* _PROBLEM REQUIREMENTS_: Copy every line of the data below exactly as given, except for the pictures.

* _DATASET CONTENT_:
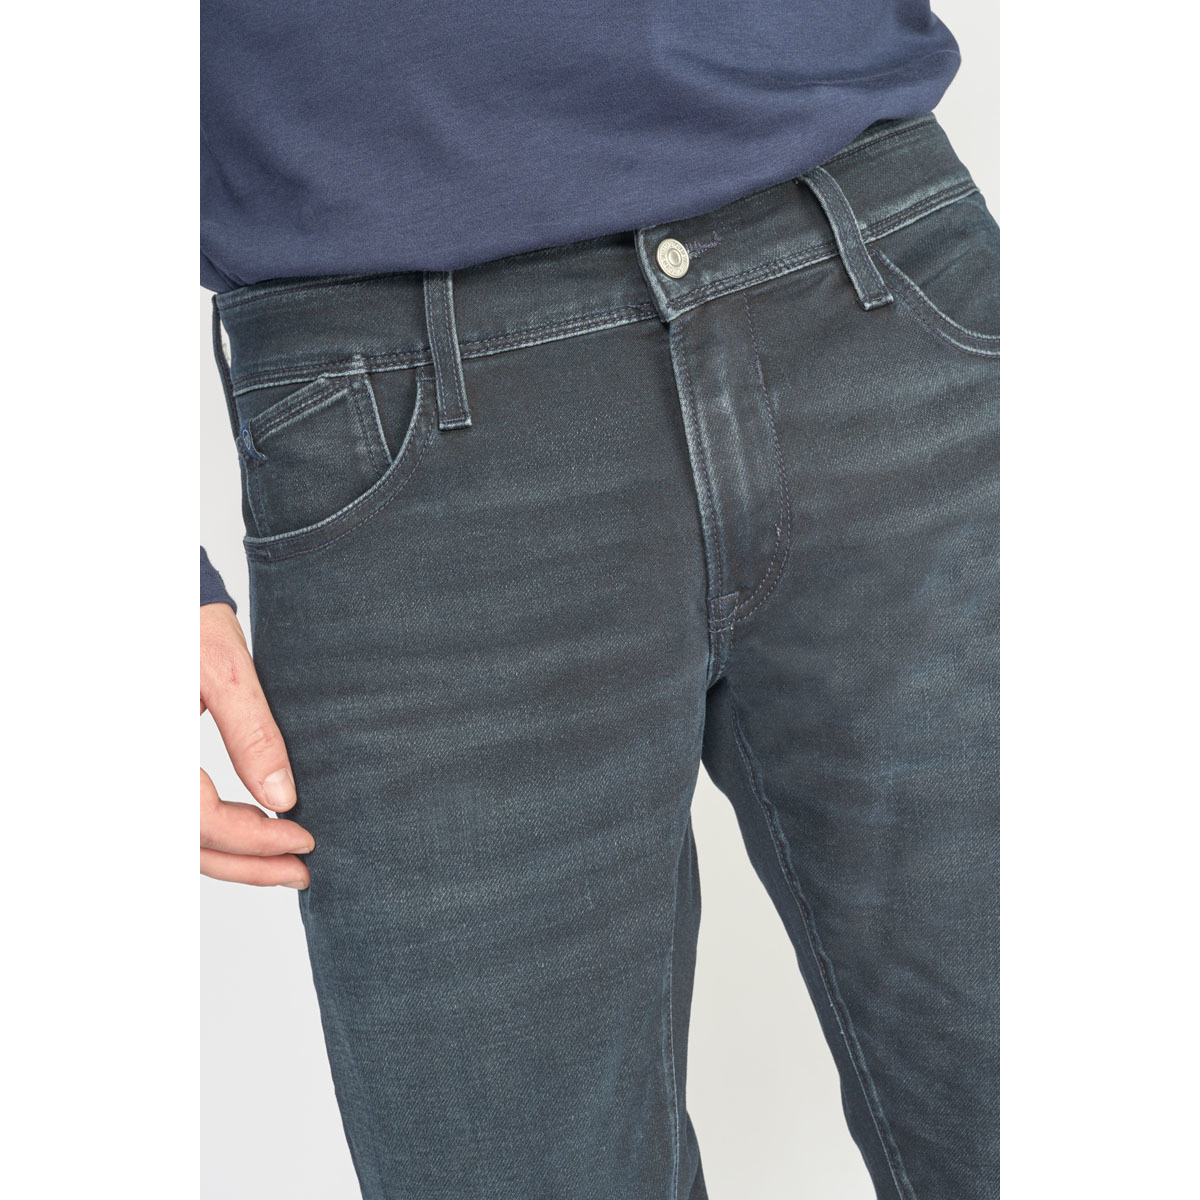 Le Temps des Cerises Bleu Jogg 700/11 adjusted jeans bleu-noir o4B4wGWs
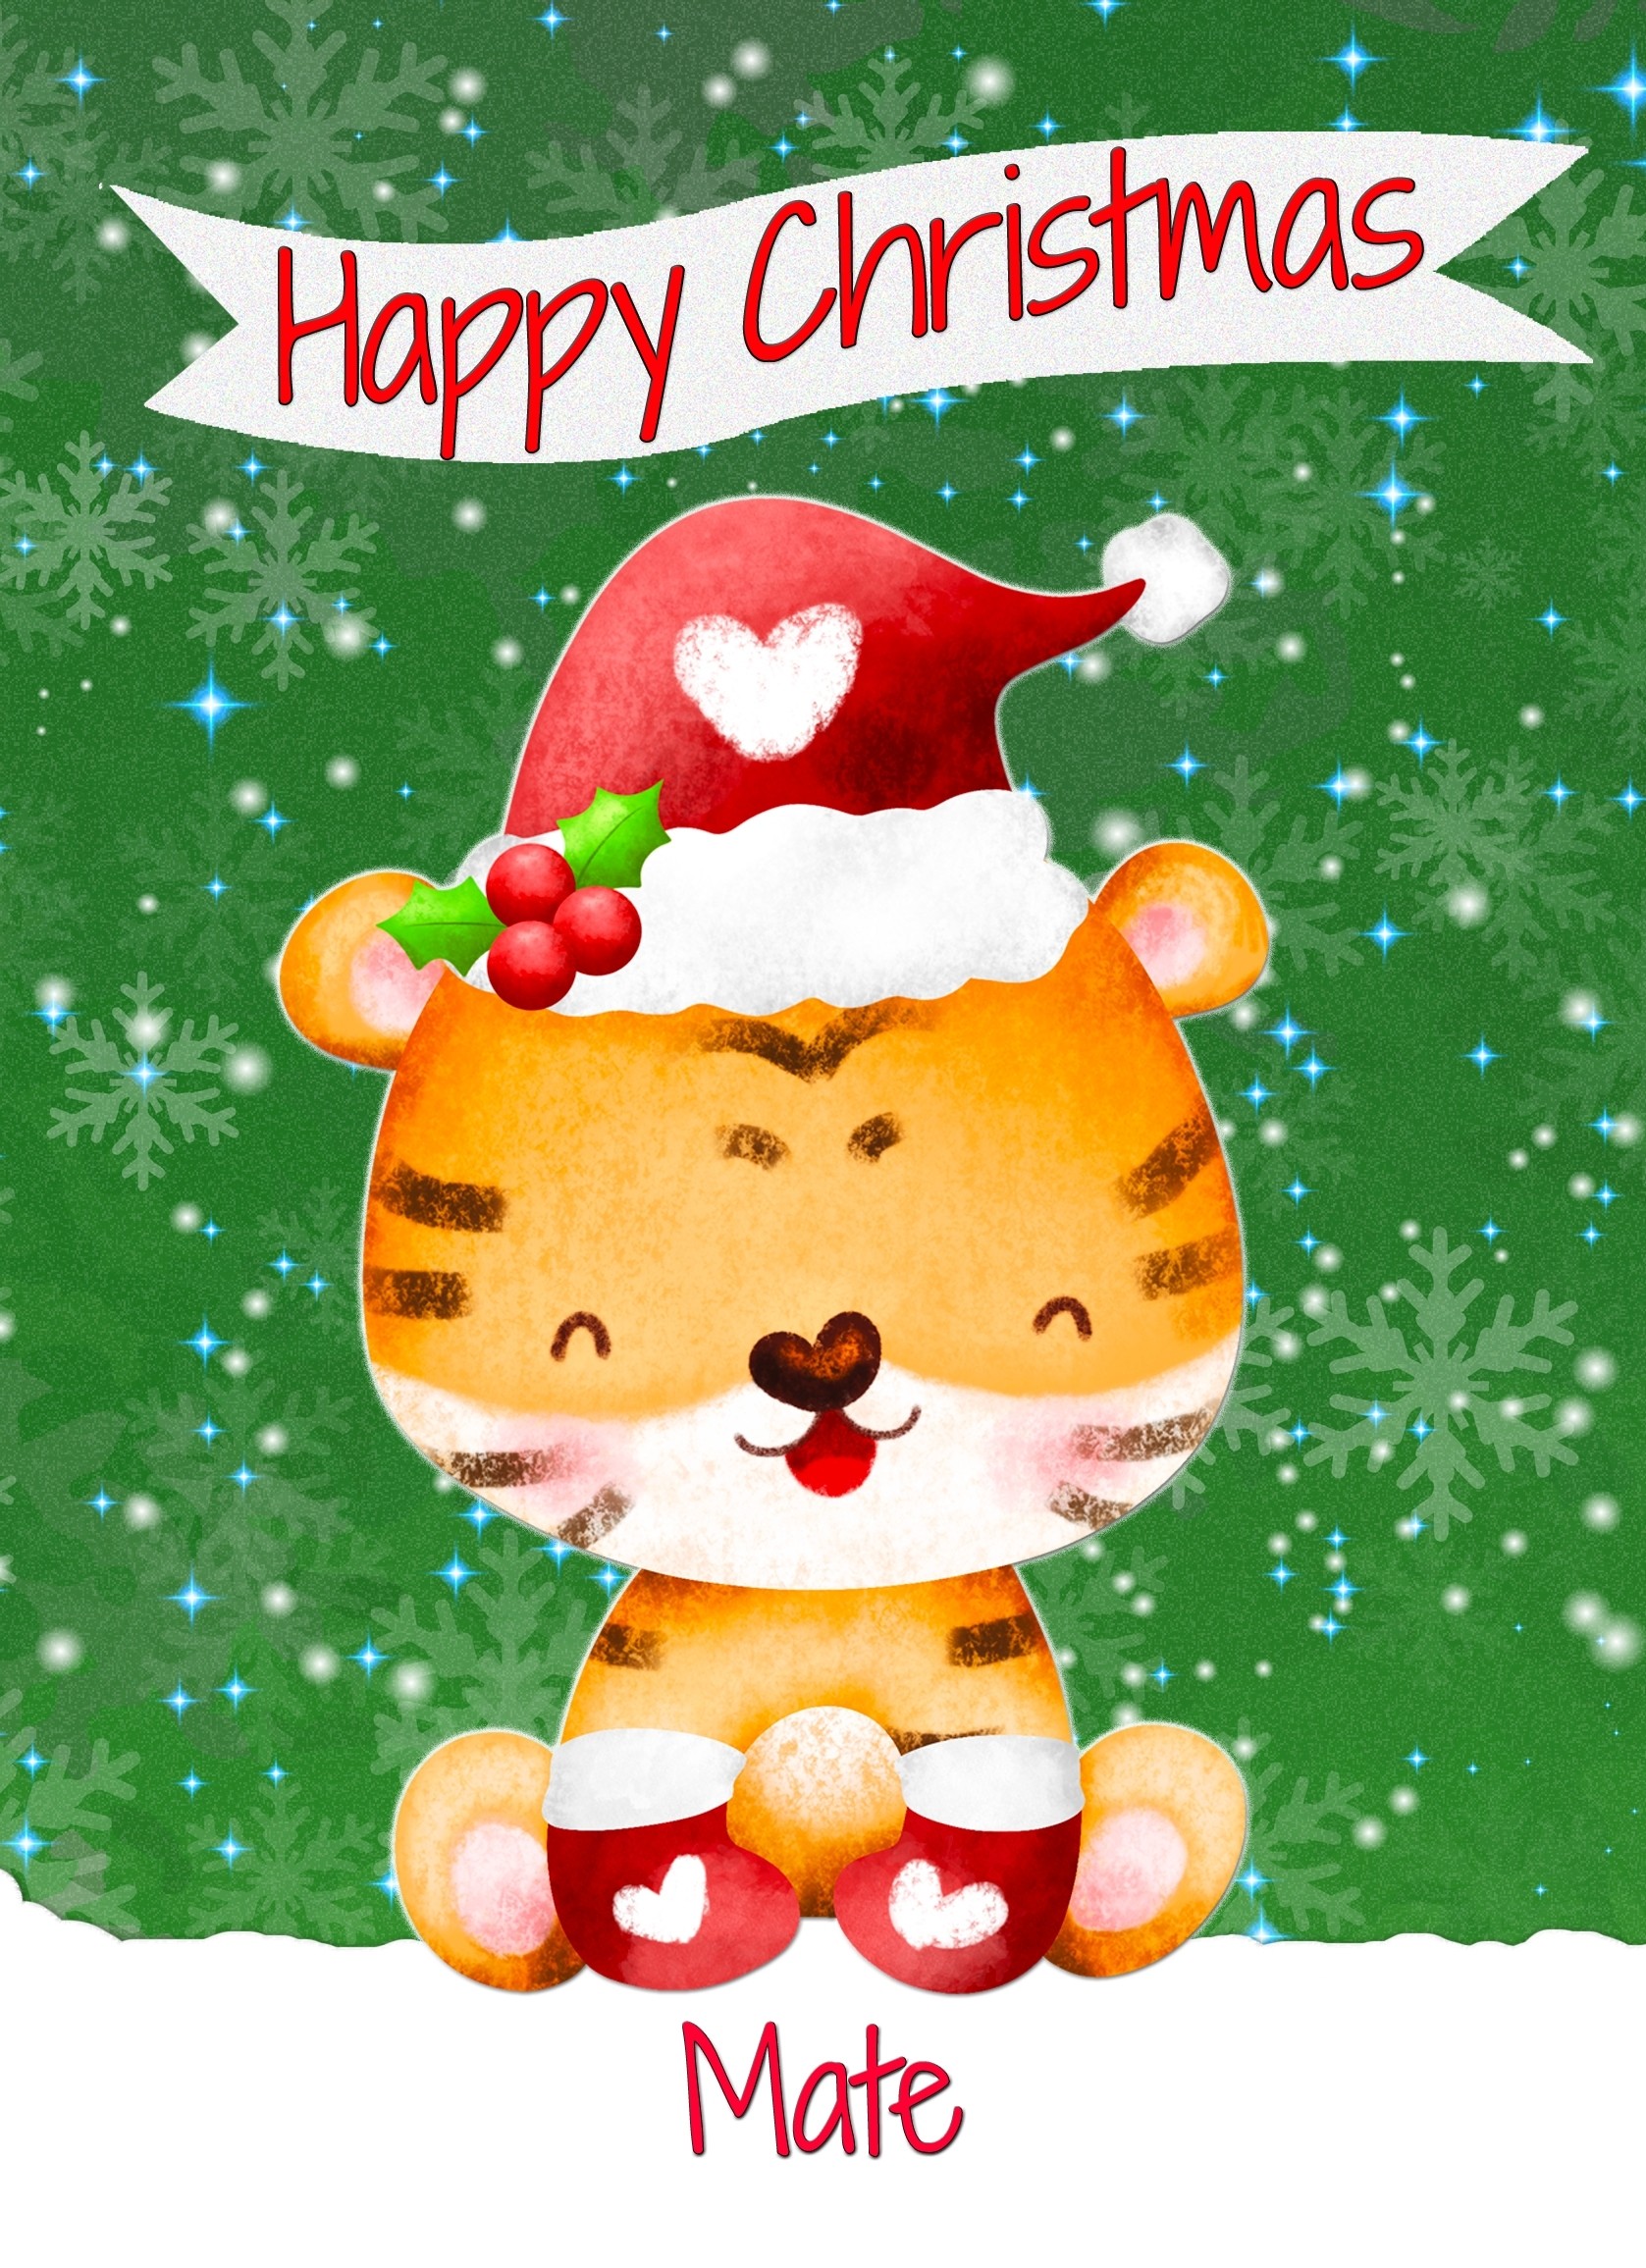 Christmas Card For Mate (Happy Christmas, Tiger)
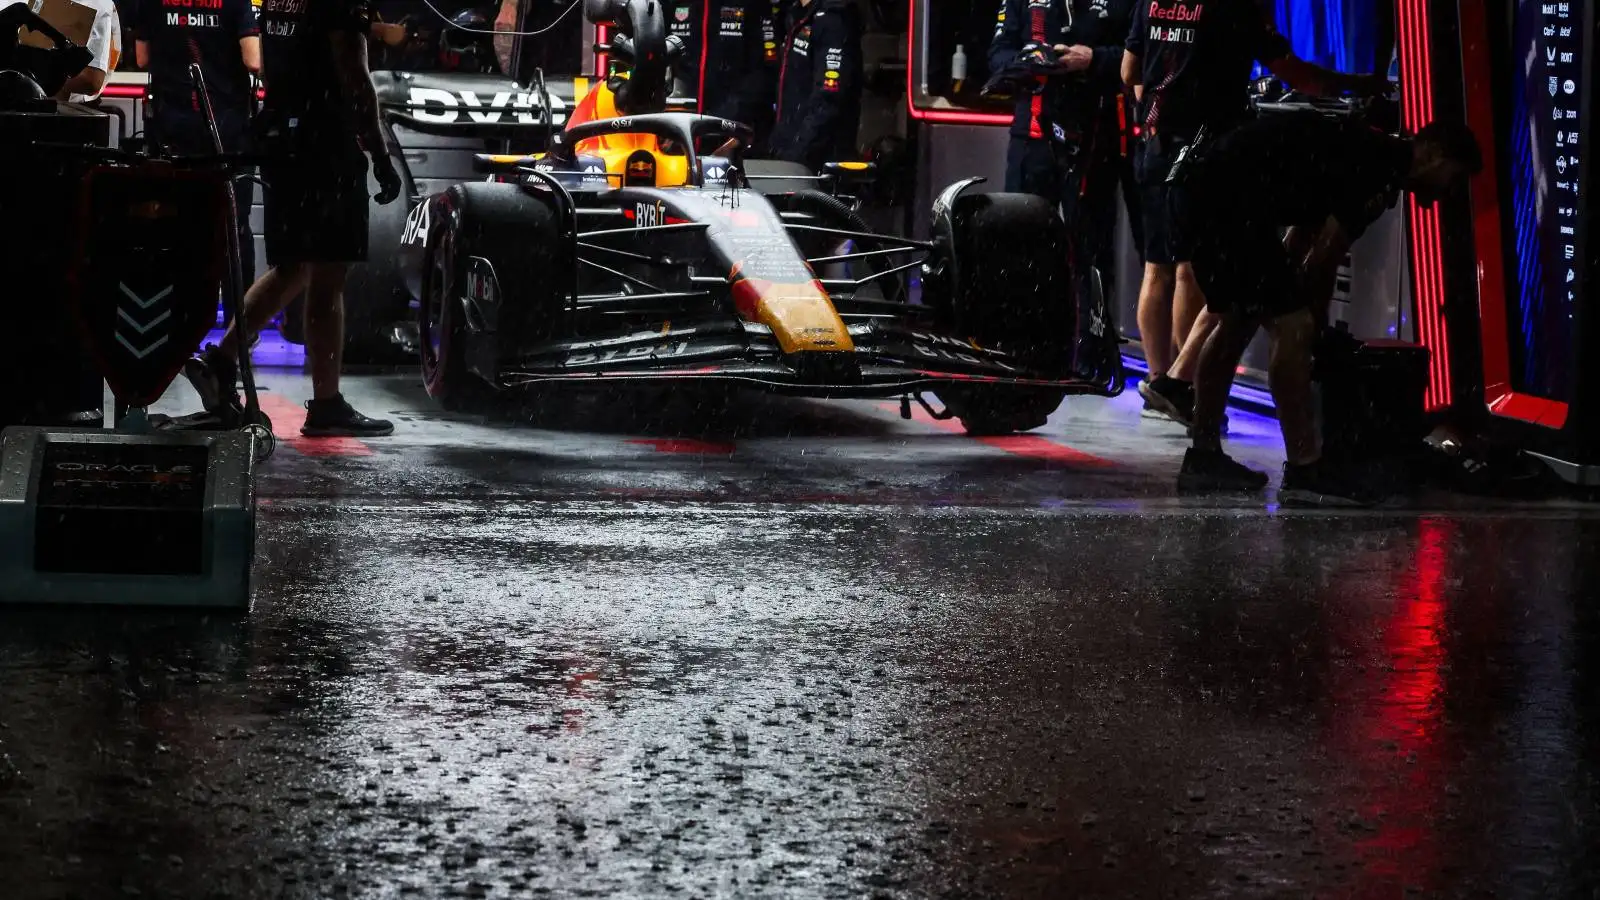 Heavy rain falling outside the Red Bull garage at Interlagos.
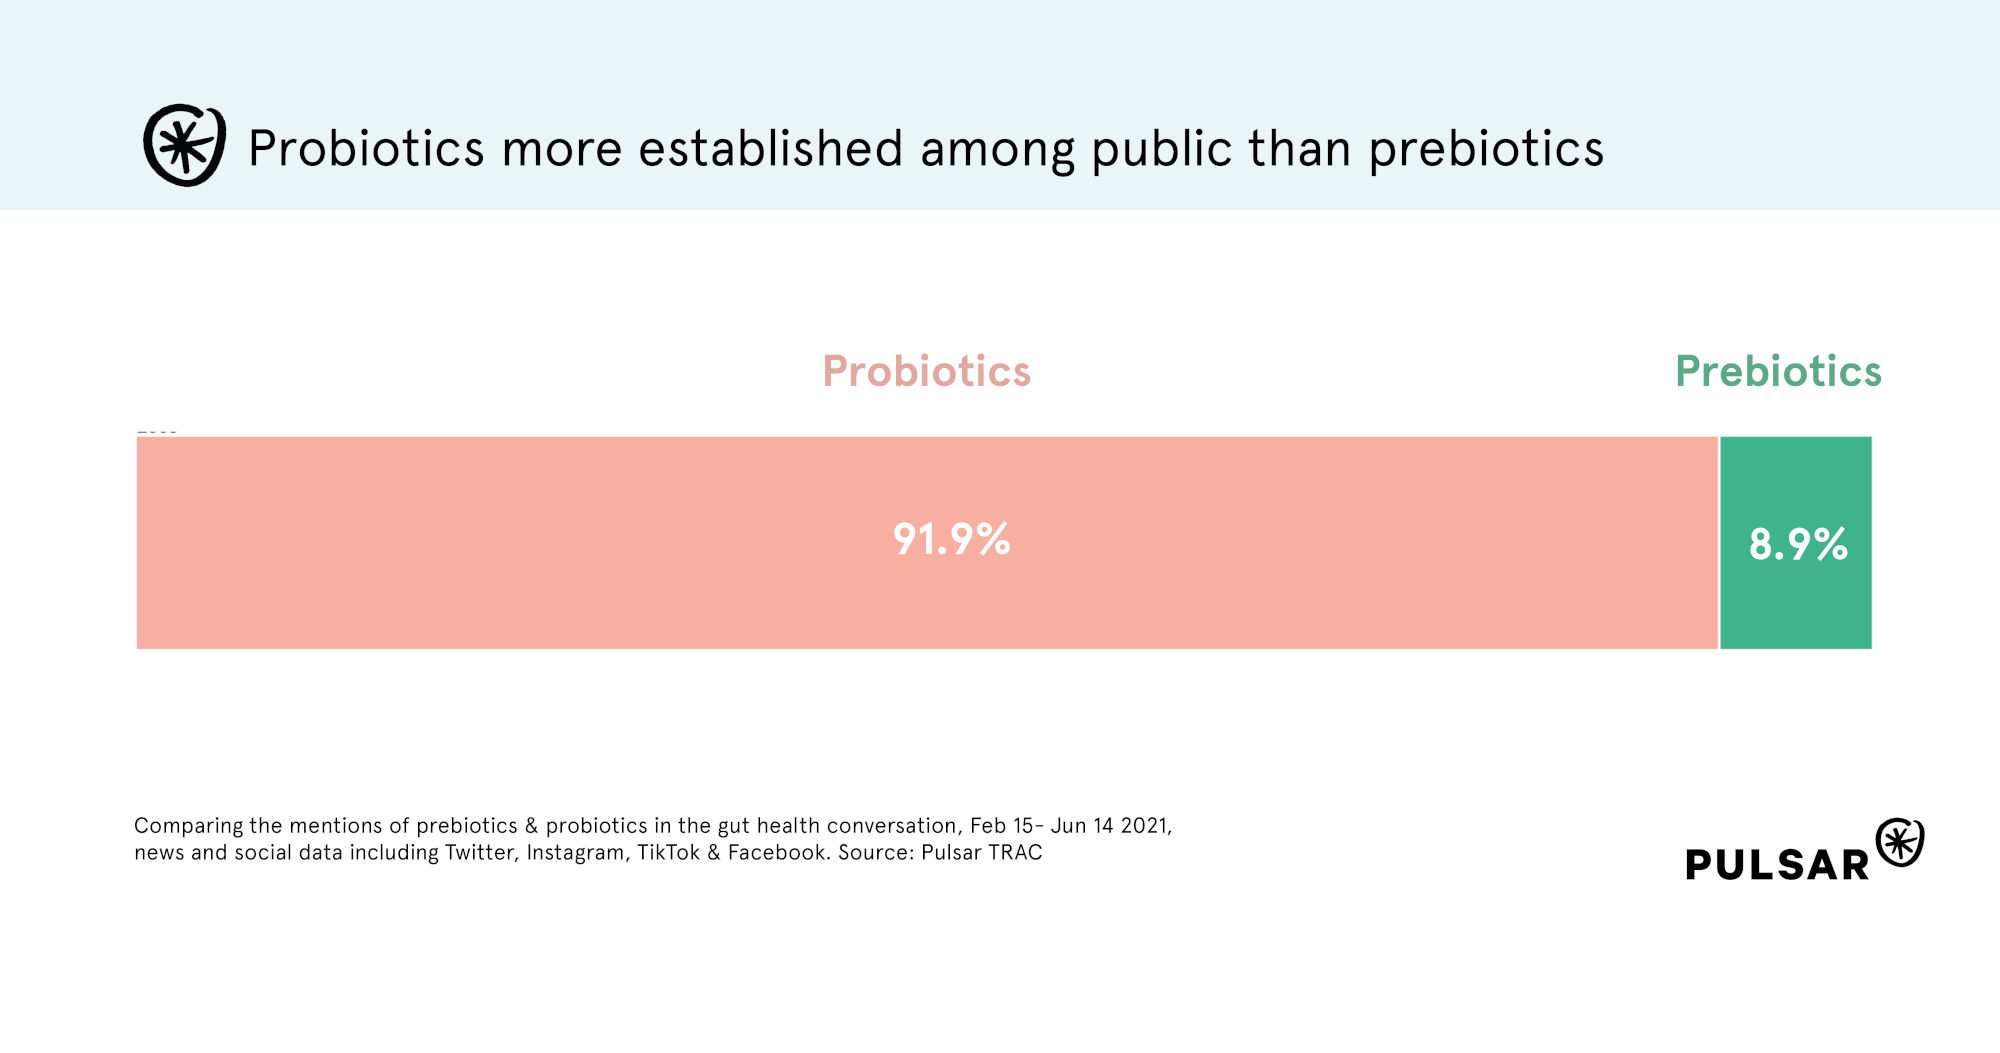 Probiotic and prebiotic volumes

* _REPLY_:
 Le Temps des Cerises Bleu Jogg 700/11 adjusted jeans bleu-noir o4B4wGWs
 Christmas Card For Mate (Happy Christmas, Tiger)
 Heavy rain falling outside the Red Bull garage at Interlagos.
 Probiotic and prebiotic volumes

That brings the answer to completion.